(Stored entries)
--------------------------------

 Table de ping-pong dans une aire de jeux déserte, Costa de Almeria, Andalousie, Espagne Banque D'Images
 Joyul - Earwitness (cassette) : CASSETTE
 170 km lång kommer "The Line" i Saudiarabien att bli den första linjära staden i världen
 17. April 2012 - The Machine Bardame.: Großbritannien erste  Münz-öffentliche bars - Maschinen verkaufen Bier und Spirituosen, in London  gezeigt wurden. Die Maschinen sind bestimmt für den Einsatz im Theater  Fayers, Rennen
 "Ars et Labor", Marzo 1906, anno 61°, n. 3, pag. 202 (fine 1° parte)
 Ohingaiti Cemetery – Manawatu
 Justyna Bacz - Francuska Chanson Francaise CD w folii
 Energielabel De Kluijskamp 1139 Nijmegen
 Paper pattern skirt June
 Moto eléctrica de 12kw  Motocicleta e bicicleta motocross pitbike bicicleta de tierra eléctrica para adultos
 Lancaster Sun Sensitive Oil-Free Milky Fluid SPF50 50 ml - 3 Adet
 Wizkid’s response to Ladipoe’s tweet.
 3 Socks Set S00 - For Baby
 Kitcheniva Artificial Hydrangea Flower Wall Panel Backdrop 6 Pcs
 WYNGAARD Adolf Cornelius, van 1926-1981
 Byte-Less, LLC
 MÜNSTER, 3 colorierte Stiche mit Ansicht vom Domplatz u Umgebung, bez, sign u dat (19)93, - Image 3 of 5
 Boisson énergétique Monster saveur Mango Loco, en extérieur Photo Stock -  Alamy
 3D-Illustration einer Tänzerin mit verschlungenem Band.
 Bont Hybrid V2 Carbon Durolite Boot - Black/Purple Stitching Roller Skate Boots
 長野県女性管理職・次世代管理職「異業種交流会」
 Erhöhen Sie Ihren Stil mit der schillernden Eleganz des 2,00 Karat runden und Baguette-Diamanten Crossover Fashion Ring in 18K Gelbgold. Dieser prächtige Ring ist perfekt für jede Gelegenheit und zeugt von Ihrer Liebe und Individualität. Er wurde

--------------------------------

TASK TO CARRY OUT.
Would you output all the records above exactly as written?

ANSWER AREA.
 Table de ping-pong dans une aire de jeux déserte, Costa de Almeria, Andalousie, Espagne Banque D'Images
 Joyul - Earwitness (cassette) : CASSETTE
 170 km lång kommer "The Line" i Saudiarabien att bli den första linjära staden i världen
 17. April 2012 - The Machine Bardame.: Großbritannien erste  Münz-öffentliche bars - Maschinen verkaufen Bier und Spirituosen, in London  gezeigt wurden. Die Maschinen sind bestimmt für den Einsatz im Theater  Fayers, Rennen
 "Ars et Labor", Marzo 1906, anno 61°, n. 3, pag. 202 (fine 1° parte)
 Ohingaiti Cemetery – Manawatu
 Justyna Bacz - Francuska Chanson Francaise CD w folii
 Energielabel De Kluijskamp 1139 Nijmegen
 Paper pattern skirt June
 Moto eléctrica de 12kw  Motocicleta e bicicleta motocross pitbike bicicleta de tierra eléctrica para adultos
 Lancaster Sun Sensitive Oil-Free Milky Fluid SPF50 50 ml - 3 Adet
 Wizkid’s response to Ladipoe’s tweet.
 3 Socks Set S00 - For Baby
 Kitcheniva Artificial Hydrangea Flower Wall Panel Backdrop 6 Pcs
 WYNGAARD Adolf Cornelius, van 1926-1981
 Byte-Less, LLC
 MÜNSTER, 3 colorierte Stiche mit Ansicht vom Domplatz u Umgebung, bez, sign u dat (19)93, - Image 3 of 5
 Boisson énergétique Monster saveur Mango Loco, en extérieur Photo Stock -  Alamy
 3D-Illustration einer Tänzerin mit verschlungenem Band.
 Bont Hybrid V2 Carbon Durolite Boot - Black/Purple Stitching Roller Skate Boots
 長野県女性管理職・次世代管理職「異業種交流会」
 Erhöhen Sie Ihren Stil mit der schillernden Eleganz des 2,00 Karat runden und Baguette-Diamanten Crossover Fashion Ring in 18K Gelbgold. Dieser prächtige Ring ist perfekt für jede Gelegenheit und zeugt von Ihrer Liebe und Individualität. Er wurde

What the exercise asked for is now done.